23話 貸しておく
次の日、私とフリッツさんでお話をすることになった。その内容は。
「あの、やはり一度ダラスに行きませんか?」
「ダラスに?」
「はい、いつまでもこうやって居る訳にはいきませんし、当面のお金も欲しいので」
「そう言えばそうだな。じゃあ前に話していた上手く商会に売るというのも一緒にやってくれるか?」
「はい。勿論です。ですけど、フリッツさんもやるんですからね?」
「わ、わかった。取り分は半分でいいか?」
「へ? 何の取り分ですか?」
私は何か倒した記憶はないんだけれど、何の事だろう?
「何を言ってるんだ。ケルベロスの代金に決まっているだろ?」
「え? でもあれはフリッツさんが倒したじゃないですか」
私がそう返すと彼は私を正面から見つめてくる。
「クロエ、前にも言ったが、お前がいなかったら俺は死んでいた。だからお前のその力はちゃんと誇っていい。俺はその力を知っているから言うんだ。分かったか?」
「は、はい」
フリッツさんがドンドン近づいてくる。
私はその圧力に押されて頷いてしまう。
そして、彼は圧力を感じさせていたかと思うとその顔をふっと緩めて優しい笑顔になった。
「分かってくれたならいい。俺の命の恩人だからな」
「い、いえ、そんなことは」
「それじゃあ街に向けて行くか」
「え、今からですか?」
「ああ、母さんには会ったし、これ以上この村ですることもない。だったら行く方がいいんじゃないのか?それとももう少し休んでから行くか?」
「そうですね……」
自分の体調を鑑みると控えめに言ってすこぶるいい。なぜなら今までは重い荷物持ちだの、夜の見張りをほとんど一人でやっていたりだのだったが、重い荷物はフリッツさんが持ってくれたし、見張りも半分ずつぐらいでやったから軽いくらいだ。休む必要がないどころかこれから出掛けると言われても何の問題もない。
「行きましょうか」
「そうこなくっちゃな」
こうして行くことになったのでカルラさんに挨拶に行くと。
「そう、行ってらっしゃい。わかってはいると思うけど気を付けて」
「ああ、それじゃあ行ってくる」
「い、行ってきます」
「ええ、いってらっしゃい」
それだけかわしてサッサと家から出てしまう。
「あれでいいんですか?」
「あれって?」
「もう少しこう、何か会話があるかと思っていたんですが」
「? いつもあんな感じだからな。それに無事に帰ってくるならいいだろ?」
「それもそうなんですかね」
「そうだよ」
こうして私たちは道中の食料などを準備した後に出発することになった。
「そうだクロエ」
「はい? なんでしょう」
「この鞄を、んー貸しておく」
そう言って差し出されたのは白い鞄で私にピッタリのサイズで持ちやすそうだ。それだけではなくワンポイントで柄も入っていてとても可愛らしい。そんな見た目をしているのに中を見るとかなり頑丈に作られている事が分かり、かなりの物だと思う。
「これは何ですか?」
「鞄」
「それはわかりますけども」
「だから鞄を持ってなかっただろ? 今もそうやって着替えとかを紐でくくってる」
「これでも結構動きやすいので問題ないですよ?」
最初は自分の着替えをそのまま持って歩くのはどうかと思っていたが、これはこれで持ちやすいのでいいかなと考え始めていた。流石に考えが男らしすぎるだろうか。

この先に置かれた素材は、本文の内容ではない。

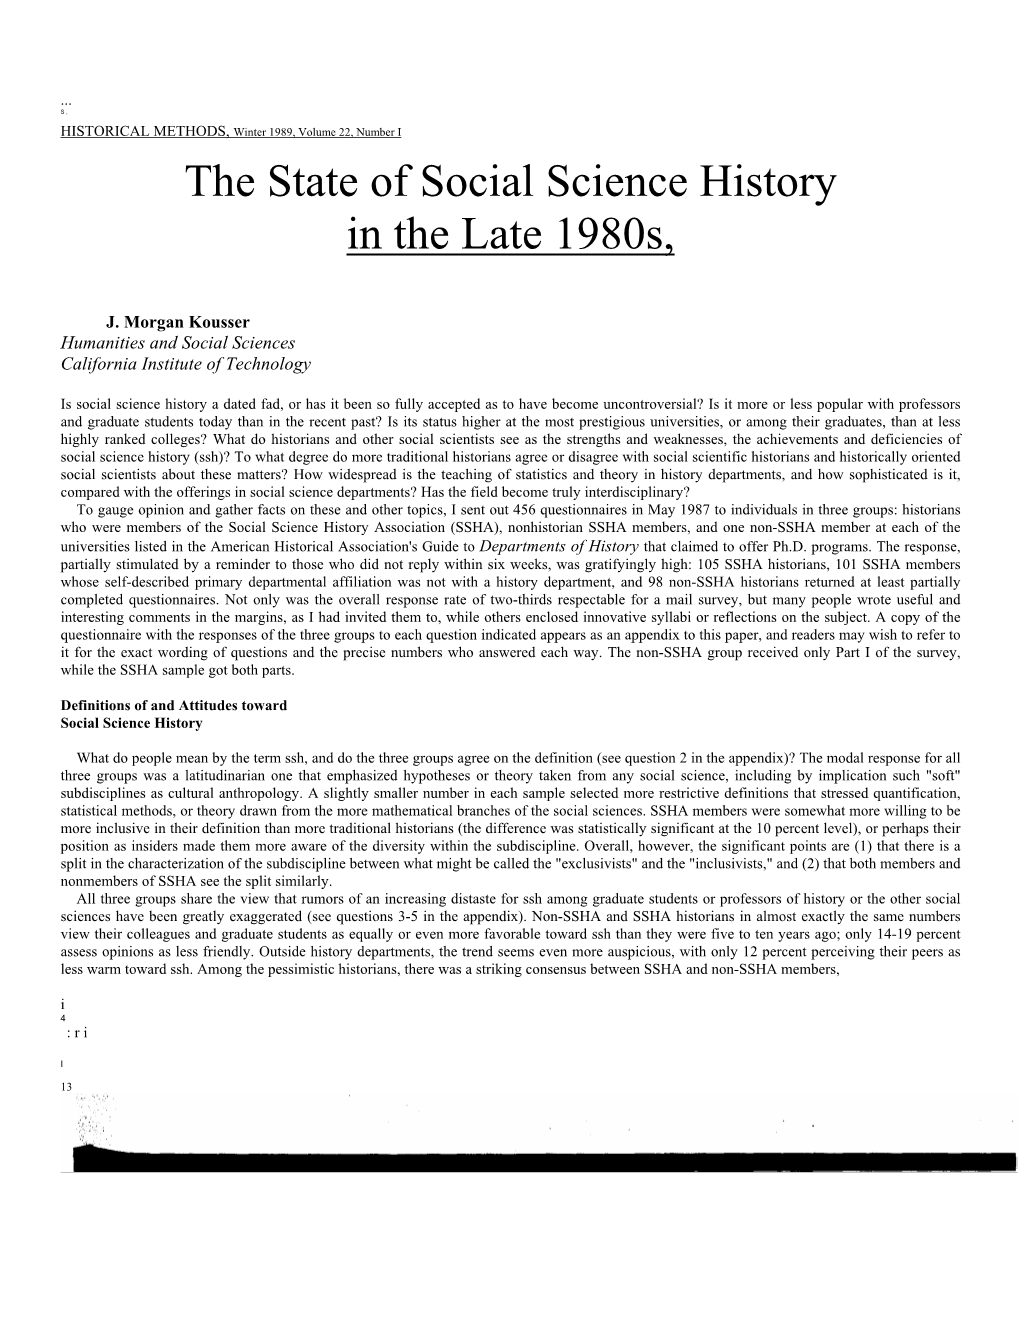 The State of Social Science History in the Late 1980S

「そんなこと言うな。それに貸すだけだから。要らなくなったら返してくれればいい。雑に扱ってもいいしな」
「いいんですか?」
「ああ、昔の荷物を整理してたらあったと母さんが持ってきてくれてな。使えってことらしい」
「いいんですか?」
「ああ、使われないのは可哀そうだ。使ってやってくれ」
「ありがとうございます」
私は鞄を自分の肩からかけてそこに荷物を入れる。
私の為に作られたのか? とでも言わんばかりのピッタリさで驚くほど体に合う感じがした。
「凄い。これ、物凄くいいです」
「そうか、それなら喜ぶだろ」
「誰がですか?」
「あーいや、その鞄、そう鞄がだよ」
「そうだといいですね」
私はそっと鞄を撫でた。
「それじゃあ行くか」
「はい」
こうして私たちはダラスの街へケルベロスの素材を売りに向かう。